Data extract ::
····················
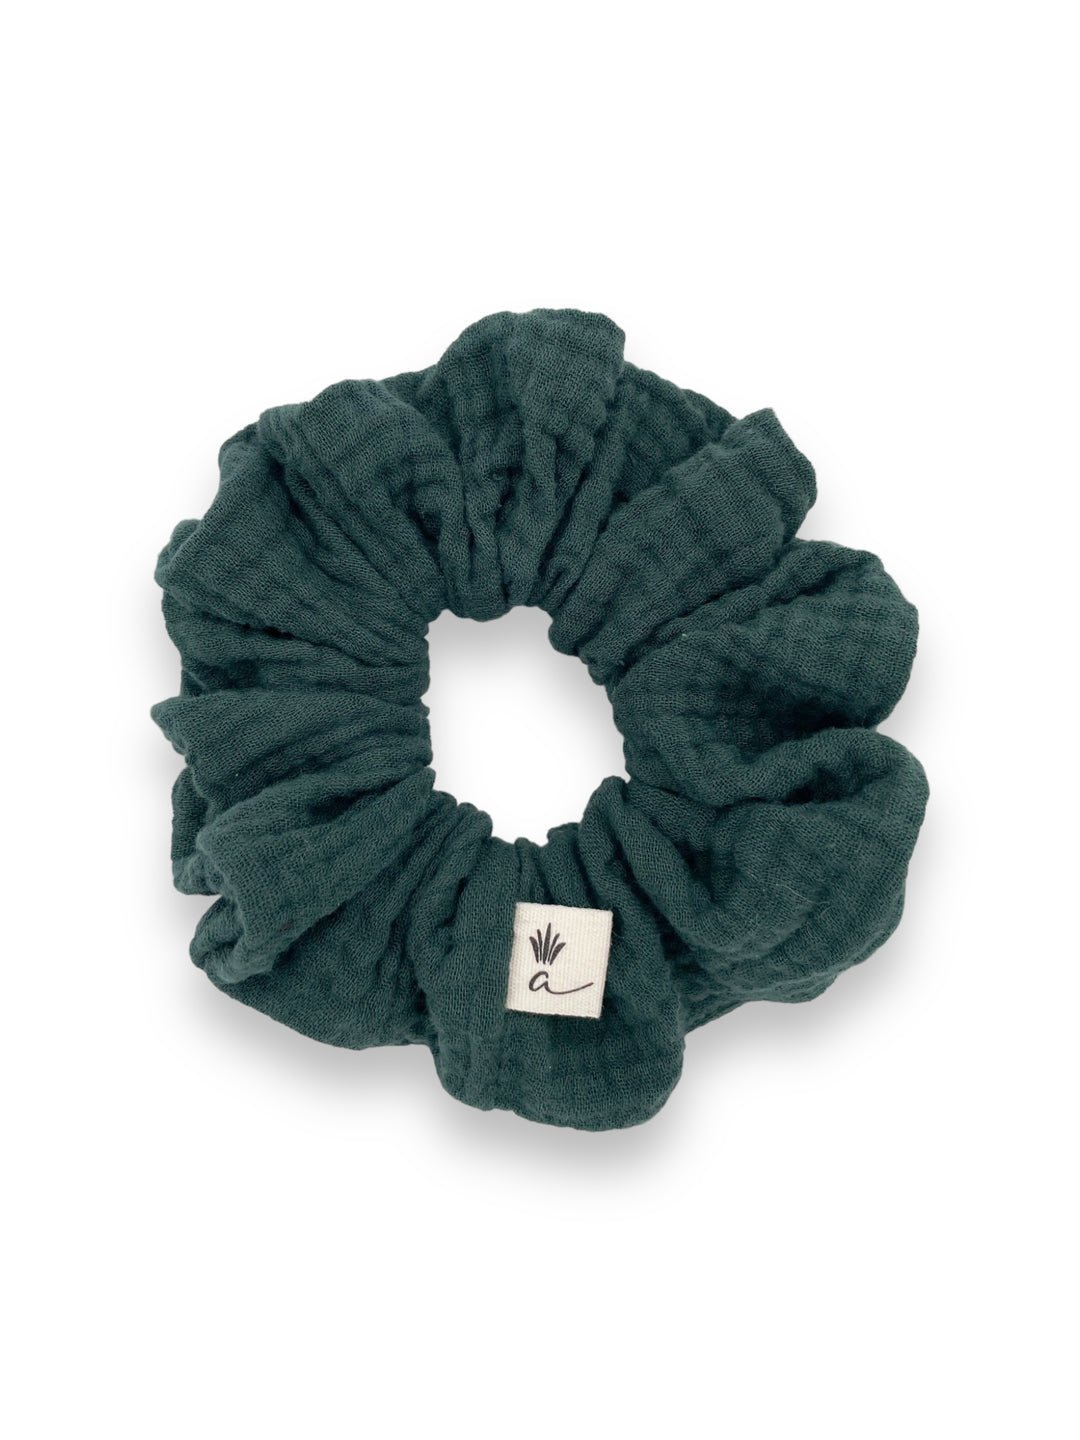 Muslin scrunchies - Evergreen
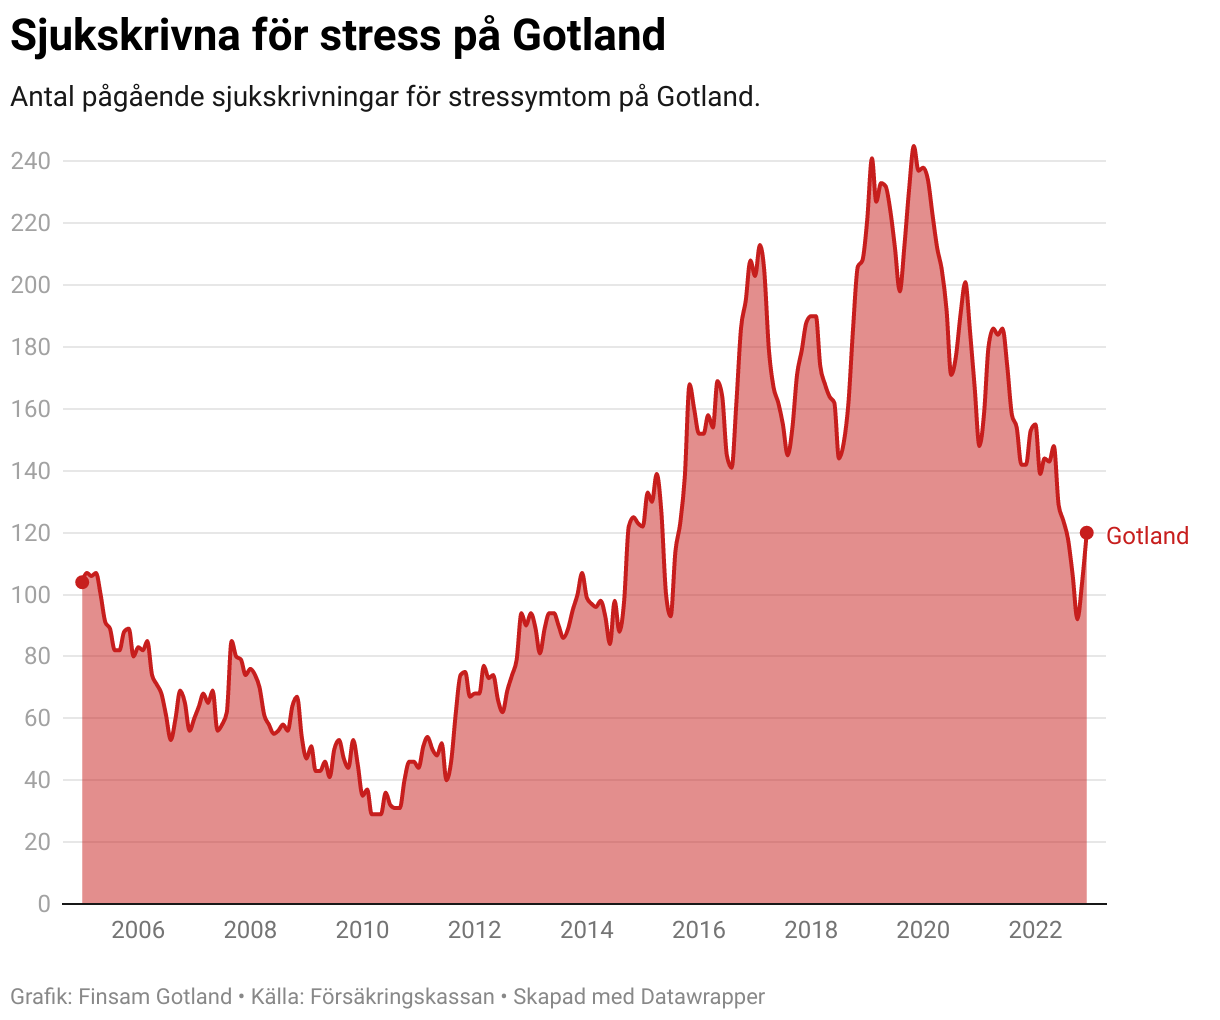 En graf som visar antalet pågående sjukskrivningar på Gotland månad för månad sedan 2006. Grafen visar hur antalet sjukskrivningar minskade från cirka 100 personer 2006, till runt 30 år 2010. Därefter ökade sjukskrivningarna stadigt till en peak åren 2019 och 2020 på strax över 200 personer. De senaste åren har talen sjunkit till strax över 100 personer igen.
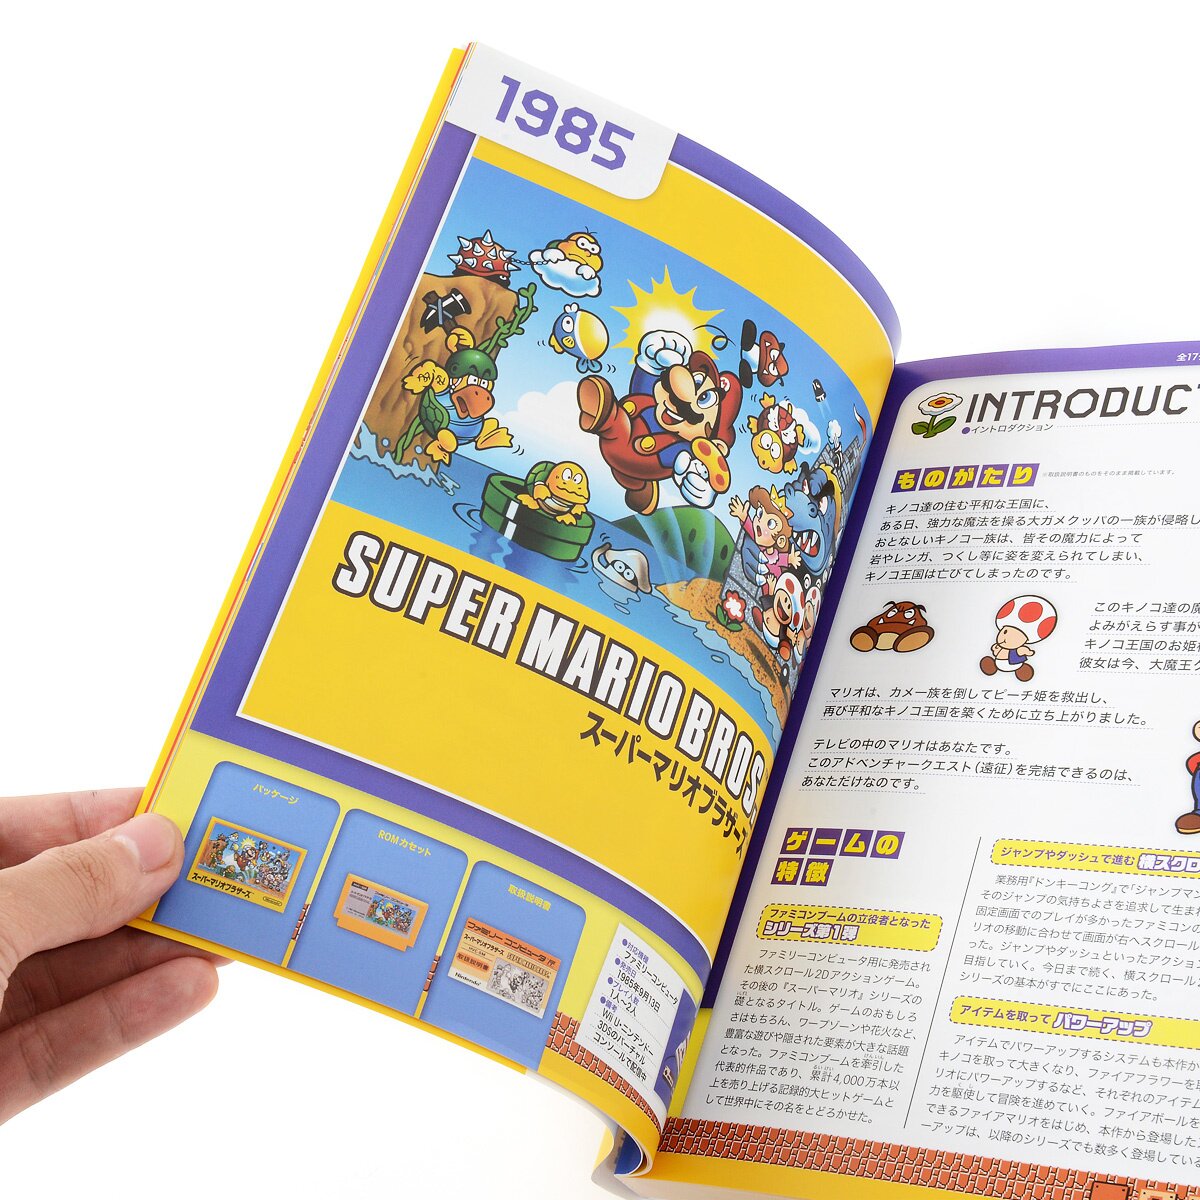 Super Mario Bros. – Wikipédia, a enciclopédia livre
····················
Your answer should be the lines from the line containing "En graf som" through the end of the listing above, output exactly and alone, without the pictures.

Solution to the problem ::
 En graf som visar antalet pågående sjukskrivningar på Gotland månad för månad sedan 2006. Grafen visar hur antalet sjukskrivningar minskade från cirka 100 personer 2006, till runt 30 år 2010. Därefter ökade sjukskrivningarna stadigt till en peak åren 2019 och 2020 på strax över 200 personer. De senaste åren har talen sjunkit till strax över 100 personer igen.
 Super Mario Bros. – Wikipédia, a enciclopédia livre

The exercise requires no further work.